I didn’t go that far this time. I’m not so dedicated to my art that I’m prepared to create a corpse and observe the stages of decomposition in order to write about it properly. For both moral, practical and legal reasons. I did do a lot more reading that I probably needed to though, and squicked myself out thoroughly in the process.

Up until that point, my body, Charlotte Fortescue, had been a narrative tool–she gets offed very early in the book and she wasn’t a terribly nice person. We’re not really supposed to spend much time feeling sorry for her, she’s just the doorway for us to get into the actual plot.
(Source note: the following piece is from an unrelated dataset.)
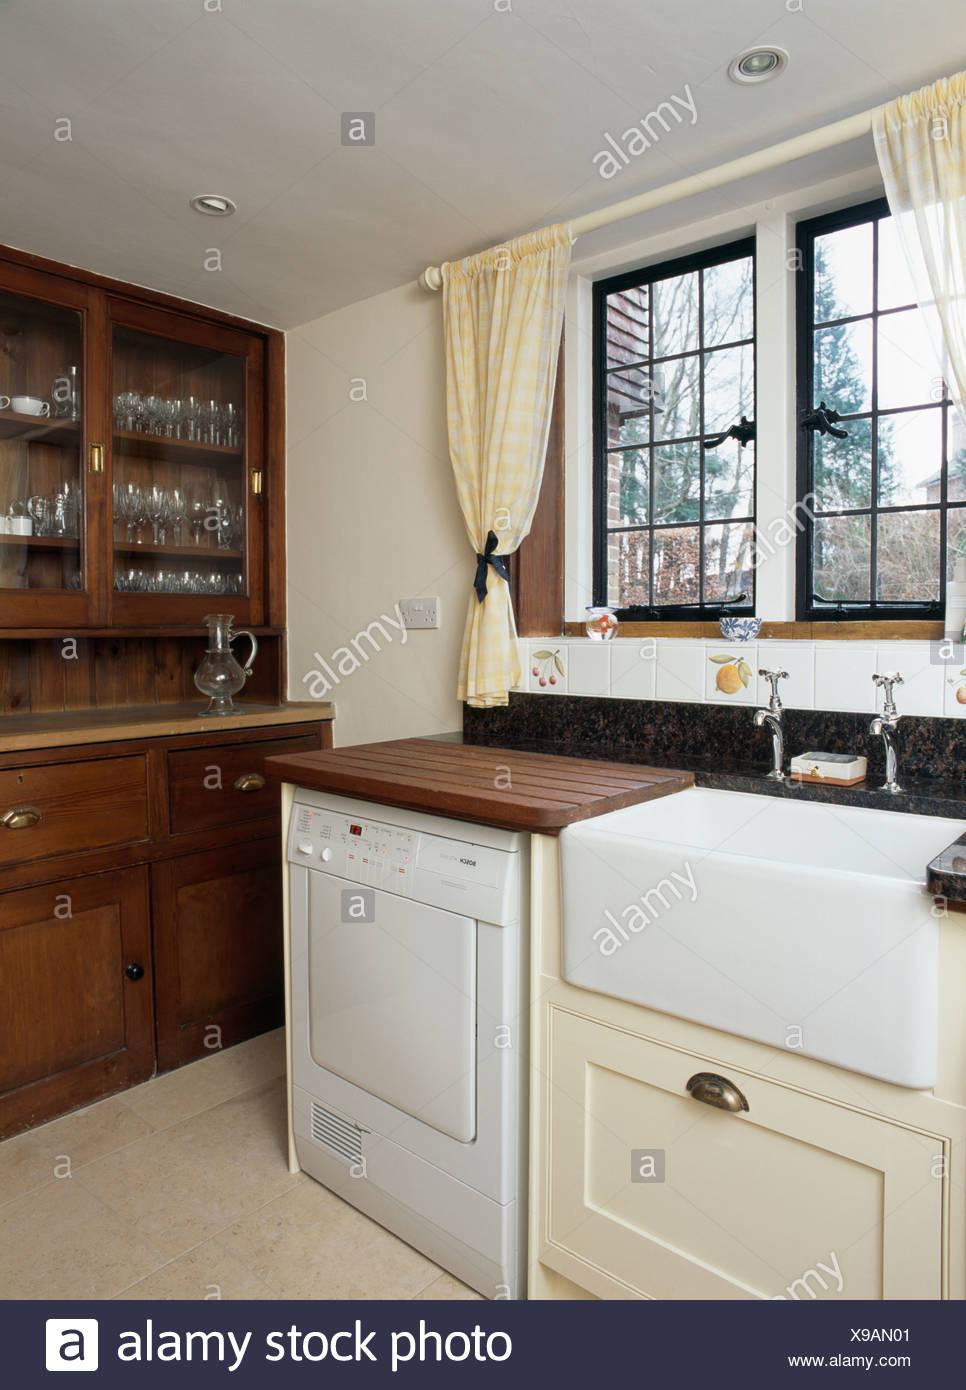 Appliances Dishwashers Stockfotos & Appliances Dishwashers Bilder ...

However, after I read all these truly gruesome accounts of what happens to a body after death, I began to feel very sorry for her indeed.

It was most uncomfortable. I didn’t want to feel pity for her…and I didn’t want reader not to feel for her, exactly, but I didn’t want people to feel they had to waste their emotions on her when she’s effectively a means to an end. I’m now stressing slightly whether I’ve struck the right balance, but it’s too late now, it’s gone off for edits and that’s that.

Here are the resources I found most helpful, whether you’re a writer looking for information, or just an interested bystander. I’ve given additional info about how distressing they are, so please do take heed. I felt wonky for a few days after reading the final one.

  • For an overall summary, I recommend the lovely Ofelia Grand’s blogpost, For when the poor sod needs to die. No gruesome pictures, respectful approach with a light touch, very helpful.
  • I then moved on to the Wiki article about rigor mortis (which has one photo of bodies in rigor, exercise care) and has a broad overview of technical stuff–also links to articles to all the other stages a body goes through after death. It’s very well-referenced.
  • For the forensics part of the story, I read Methods of estimation of time since death (no pictures) from this very in depth NCBI* article. Interesting, mentions maggots, don’t read at lunchtime.
  • However, I needed to know about bodies found in water. So I ended up at Decomposition changes in bodies recovered from water also at NCBI*. This comes with a very serious content warning, I’m not kidding people. There are photos of people who died in very unpleasant circumstances and I found it very upsetting.